OBJECTIVES: This study examined attitudes, knowledge, and behaviors reported by postpartum women in an AIDS epicenter toward voluntary human immunodeficiency virus (HIV) counseling and testing. METHODS: From February 1993 to March 1994, a convenience sample of 544 women underwent postpartum interviews at a municipal hospital in the Bronx, New York City. Demographic information and obstetric, sexual, drug use, and HIV testing histories were elicited, and selected variables were abstracted from the medical charts. Univariate and multivariate logistic regression analyses were performed. RESULTS: Seventy-nine percent of women were voluntarily tested for HIV. In the multivariate model, the strongest individual correlate of HIV testing was a history of drug use.

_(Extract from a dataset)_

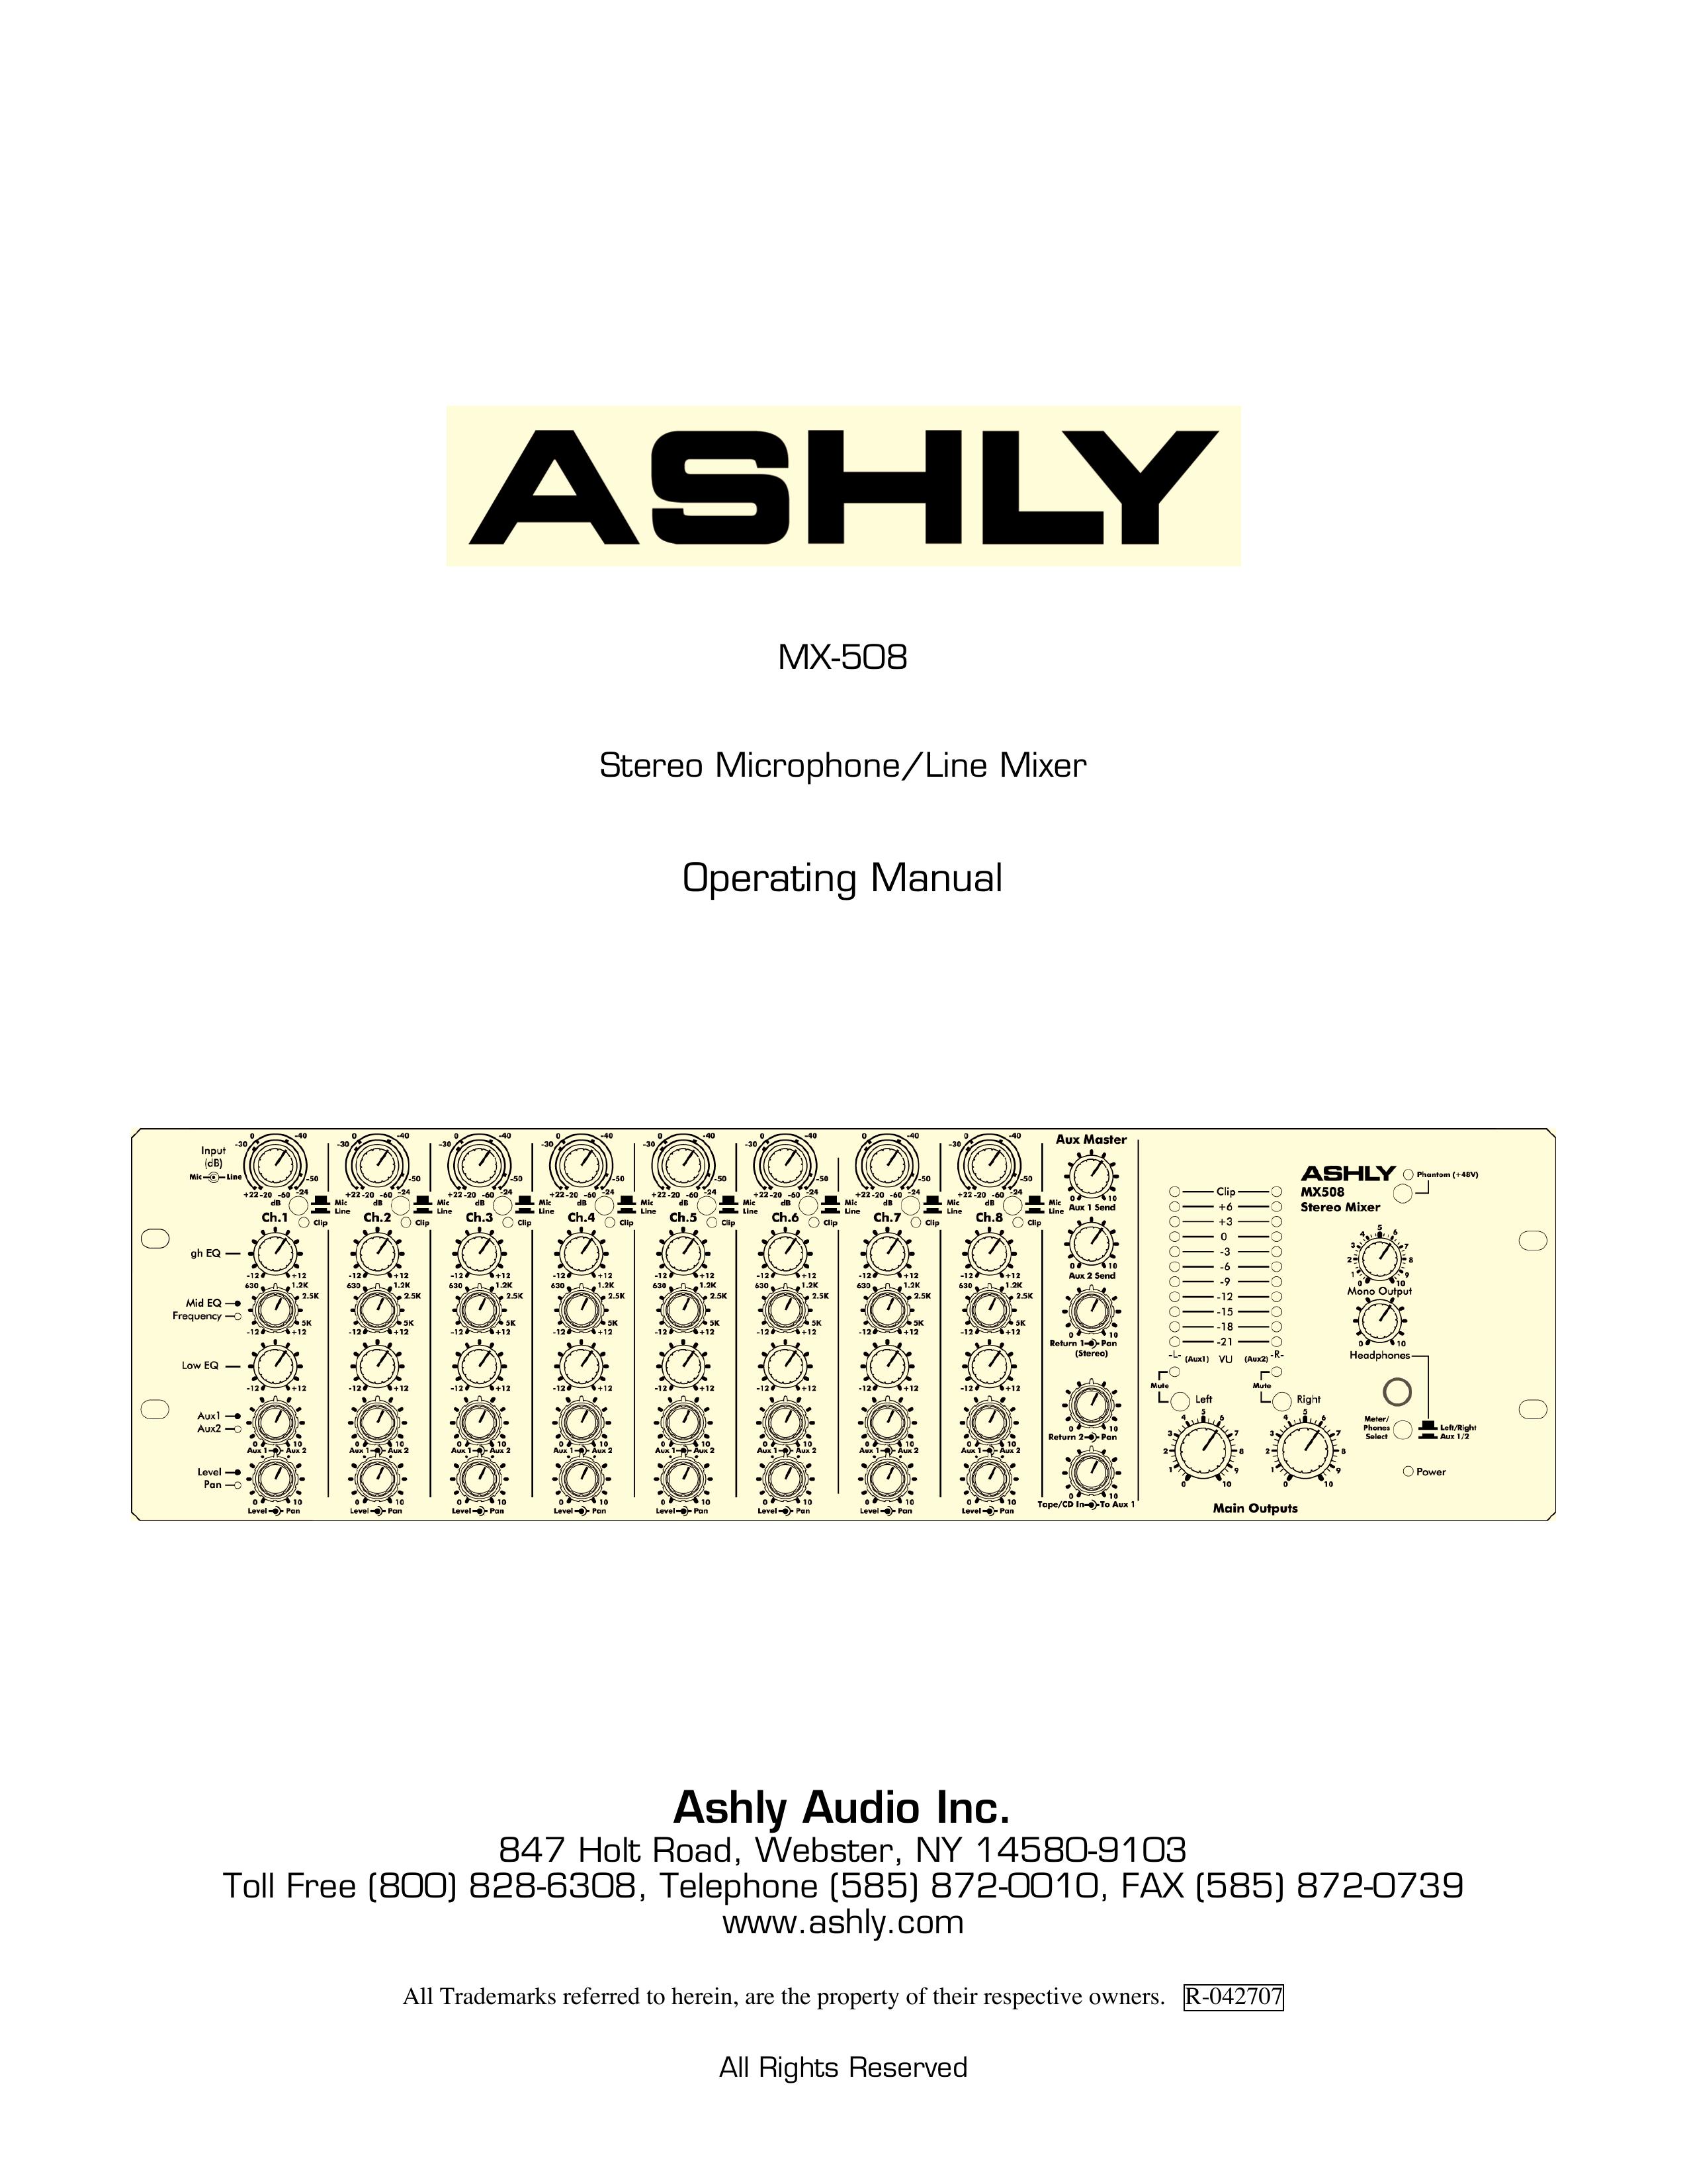 Ashly MX-508 Musical Instrument User Manual

Other independent correlates were being age 25 or younger, having only one child, knowing someone who died of AIDS, and having stigma-related concerns about testing. In univariate analysis, women with a drug risk were more than nine times as likely as others to have delivered without receiving any prenatal care during this pregnancy. CONCLUSIONS: Voluntary counseling and testing programs can succeed in testing a majority of hospitalized childbearing women. However, women at risk of drug use, who more often reported testing, were probably tested outside of prenatal care settings. Efforts to reduce vertical transmission of HIV infection must focus on bringing more women, especially women who use drugs, into prenatal care.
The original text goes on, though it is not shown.